Reproduce exactly the lines that run from the start of the records below to the line with "SWAGGER IN GOD - Onaji Bishop O.", inclusive.

(Stored data)
▬▬▬

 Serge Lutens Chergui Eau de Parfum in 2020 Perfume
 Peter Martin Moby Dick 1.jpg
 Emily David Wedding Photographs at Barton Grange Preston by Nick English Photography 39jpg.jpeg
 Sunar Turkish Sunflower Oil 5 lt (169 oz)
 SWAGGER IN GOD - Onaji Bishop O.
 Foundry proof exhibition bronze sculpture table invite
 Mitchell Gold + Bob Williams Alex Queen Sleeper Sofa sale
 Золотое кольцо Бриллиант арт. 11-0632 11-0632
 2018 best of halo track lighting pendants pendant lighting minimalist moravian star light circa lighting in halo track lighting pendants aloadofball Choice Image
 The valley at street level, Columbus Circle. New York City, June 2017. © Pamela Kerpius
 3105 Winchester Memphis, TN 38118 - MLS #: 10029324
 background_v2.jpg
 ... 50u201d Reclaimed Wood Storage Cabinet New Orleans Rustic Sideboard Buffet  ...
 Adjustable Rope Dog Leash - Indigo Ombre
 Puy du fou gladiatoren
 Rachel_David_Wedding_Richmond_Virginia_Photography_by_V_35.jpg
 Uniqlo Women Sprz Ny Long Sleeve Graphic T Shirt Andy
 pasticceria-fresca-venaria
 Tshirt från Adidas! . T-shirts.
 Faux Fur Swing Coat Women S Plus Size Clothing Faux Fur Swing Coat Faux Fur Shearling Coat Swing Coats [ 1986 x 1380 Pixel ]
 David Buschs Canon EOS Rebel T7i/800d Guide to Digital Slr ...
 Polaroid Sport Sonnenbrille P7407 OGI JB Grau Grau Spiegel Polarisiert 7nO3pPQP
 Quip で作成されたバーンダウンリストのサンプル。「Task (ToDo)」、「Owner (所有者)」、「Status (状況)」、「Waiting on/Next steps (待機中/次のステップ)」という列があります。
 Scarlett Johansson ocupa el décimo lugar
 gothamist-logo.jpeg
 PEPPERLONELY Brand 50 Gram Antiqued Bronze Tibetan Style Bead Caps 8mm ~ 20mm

▬▬▬

Solved exercise:
 Serge Lutens Chergui Eau de Parfum in 2020 Perfume
 Peter Martin Moby Dick 1.jpg
 Emily David Wedding Photographs at Barton Grange Preston by Nick English Photography 39jpg.jpeg
 Sunar Turkish Sunflower Oil 5 lt (169 oz)
 SWAGGER IN GOD - Onaji Bishop O.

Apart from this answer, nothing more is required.